■ Data shown:

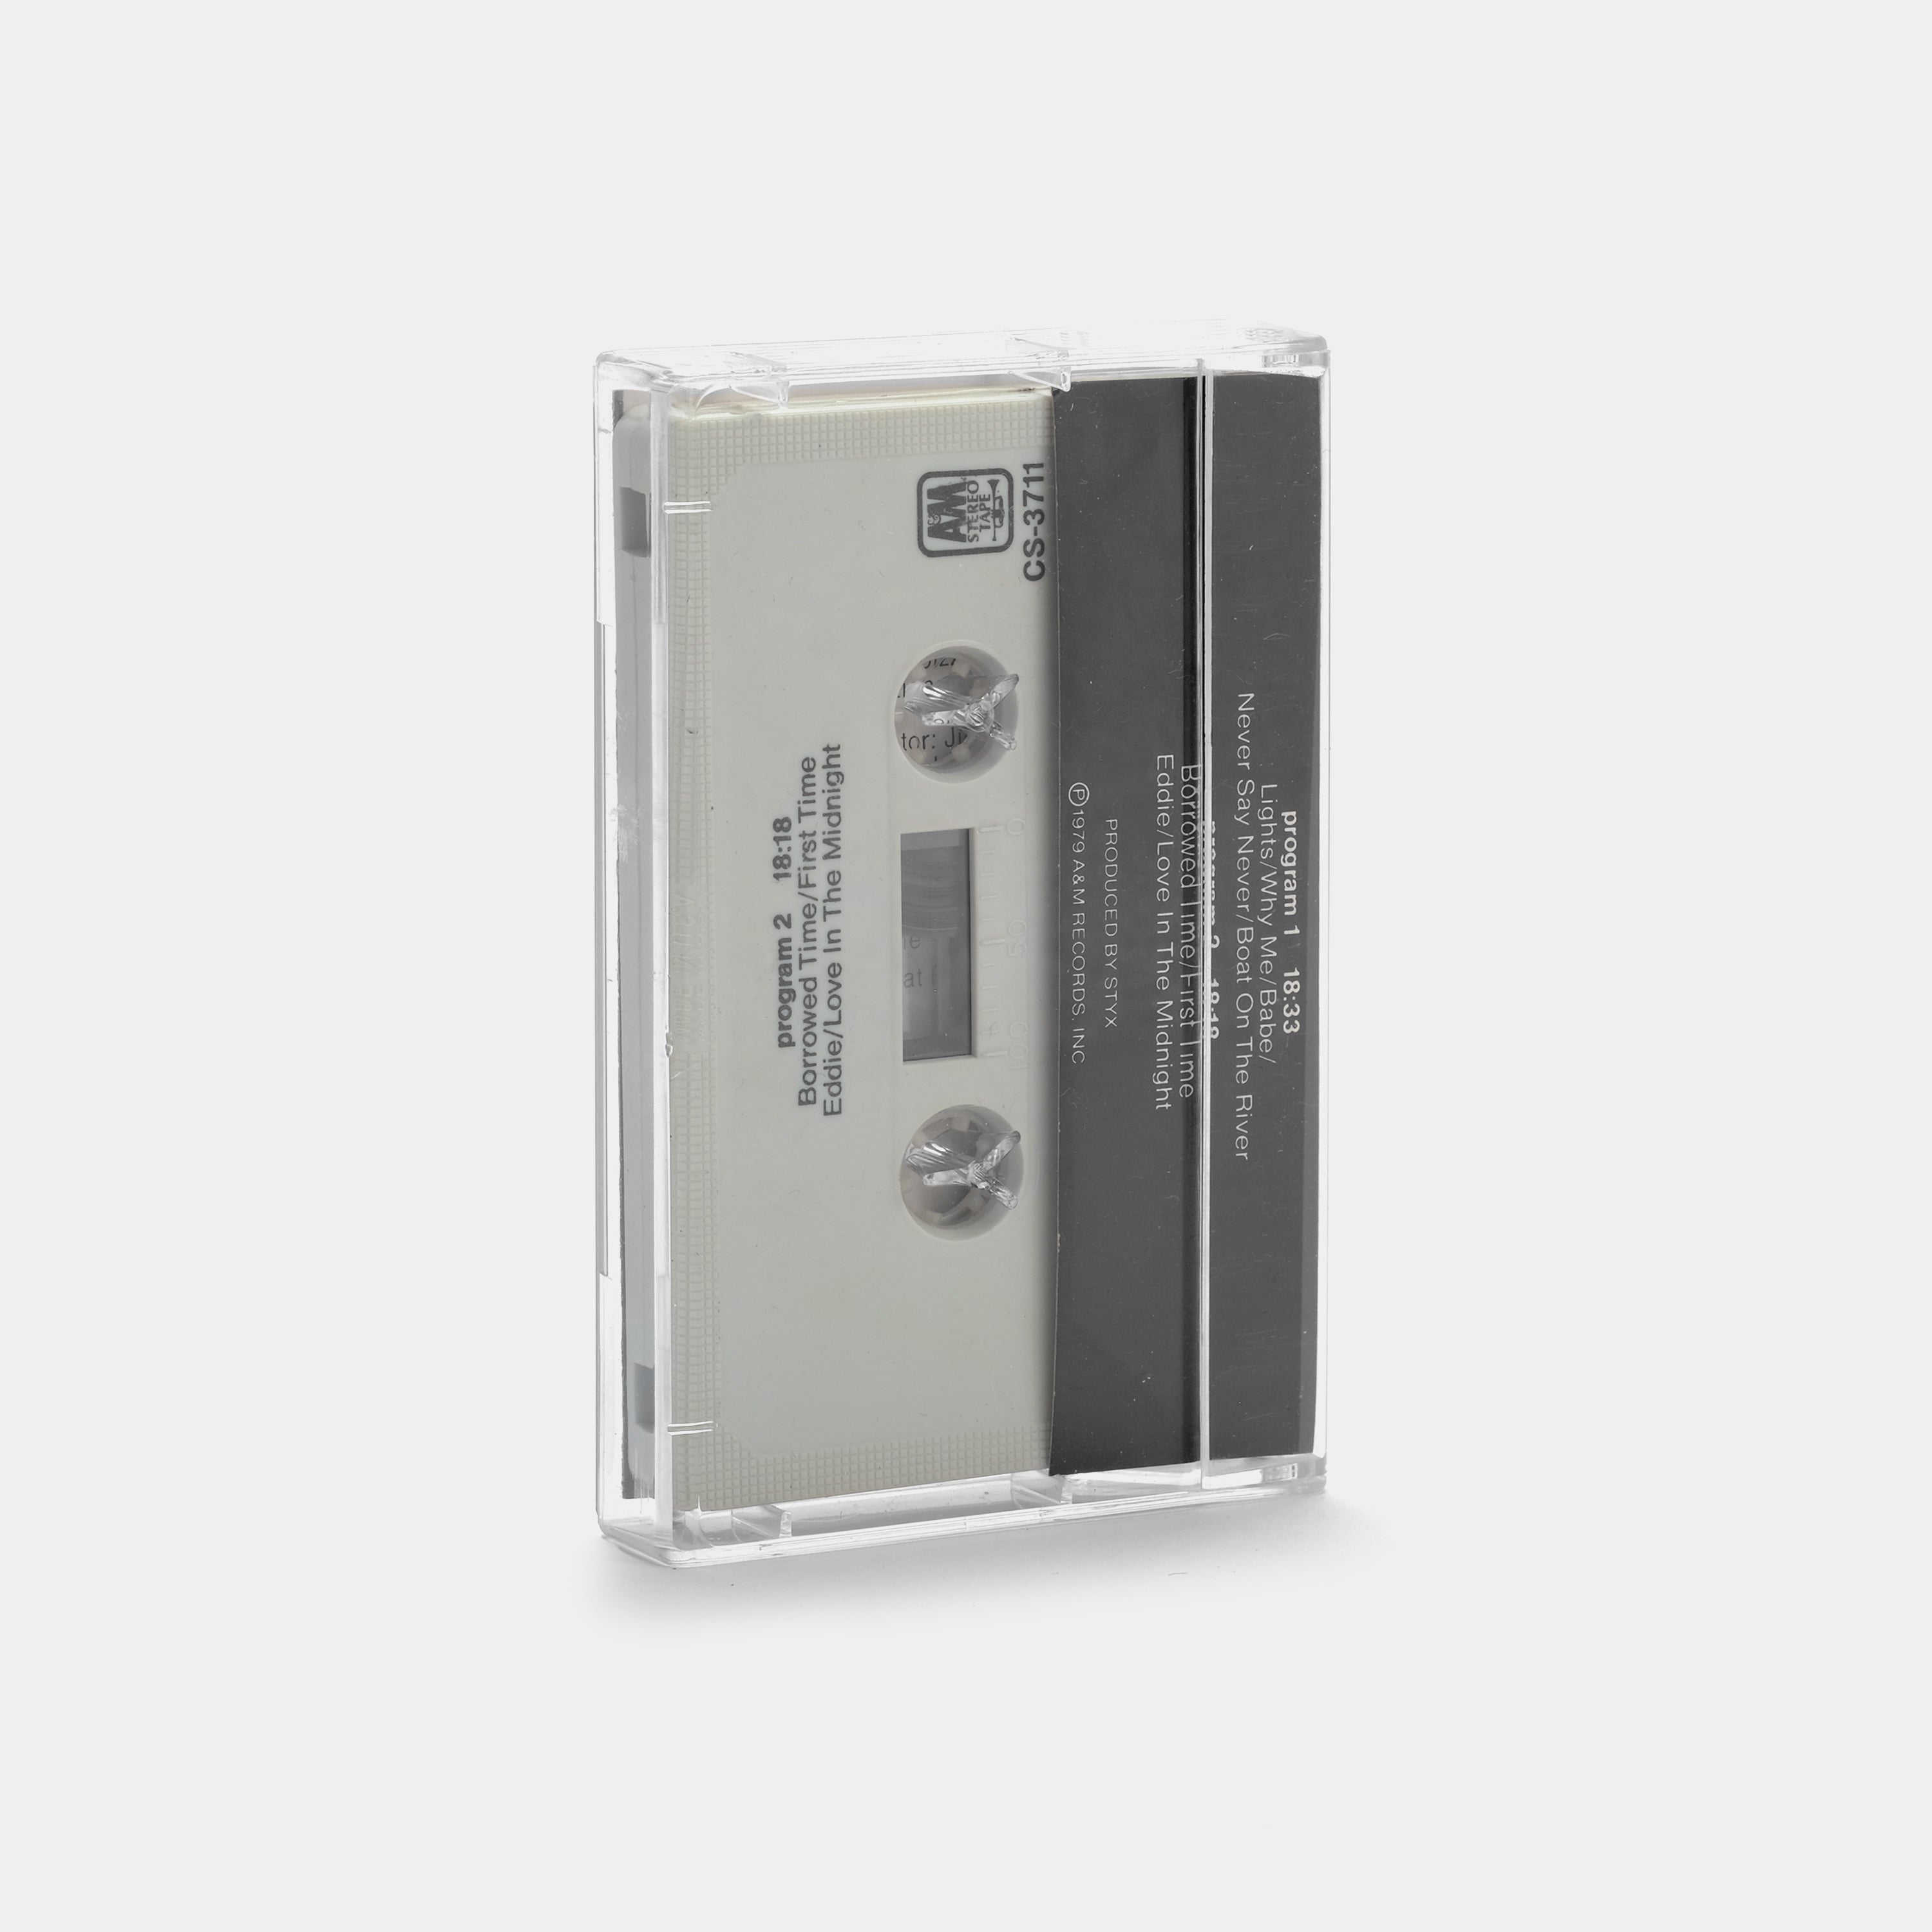 Styx - Cornerstone Cassette Tape
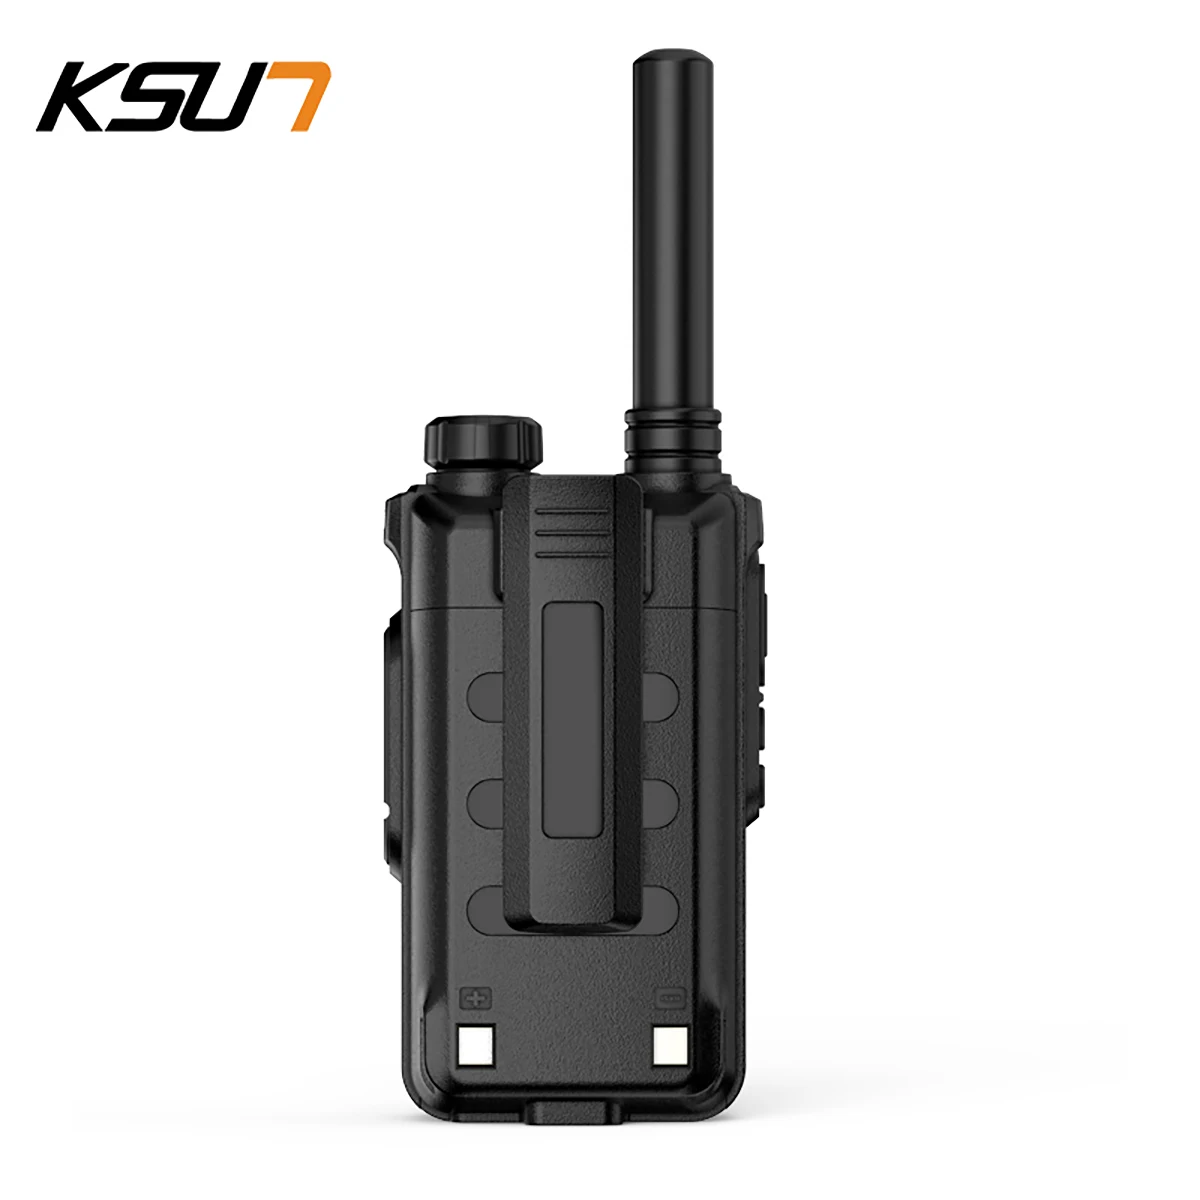 KSUT DMR Radio Walkie Talkie Digital Ham Two Way Radio Station Portable 3 Watt UHF Professional Transceiver Wireless Device
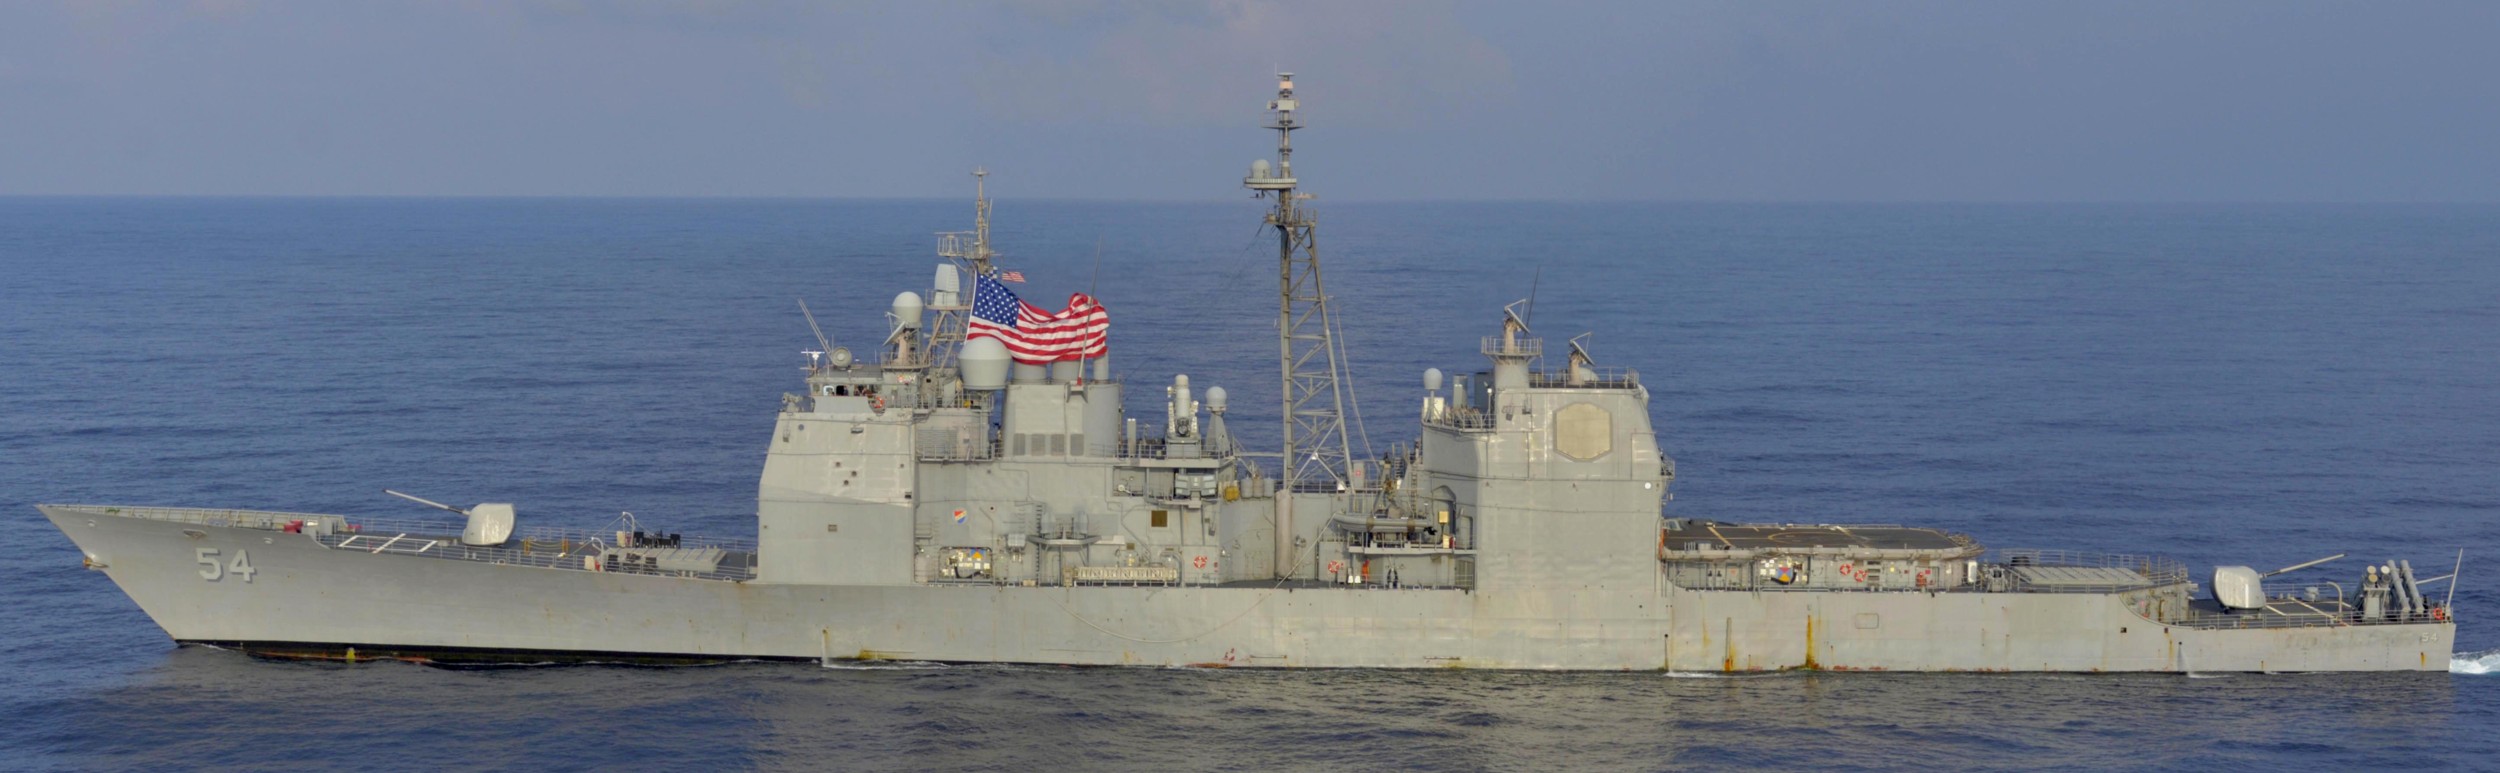 cg-54 uss antietam ticonderoga class guided missile cruiser aegis us navy south china sea 79

■ Exercise prompt:
Retype the material in full, exactly as written, and exclude the pictures.

■ Reply:
 Styx - Cornerstone Cassette Tape
 KSUT DMR Radio Walkie Talkie Digital Ham Two Way Radio Station Portable 3 Watt UHF Professional Transceiver Wireless Device
 cg-54 uss antietam ticonderoga class guided missile cruiser aegis us navy south china sea 79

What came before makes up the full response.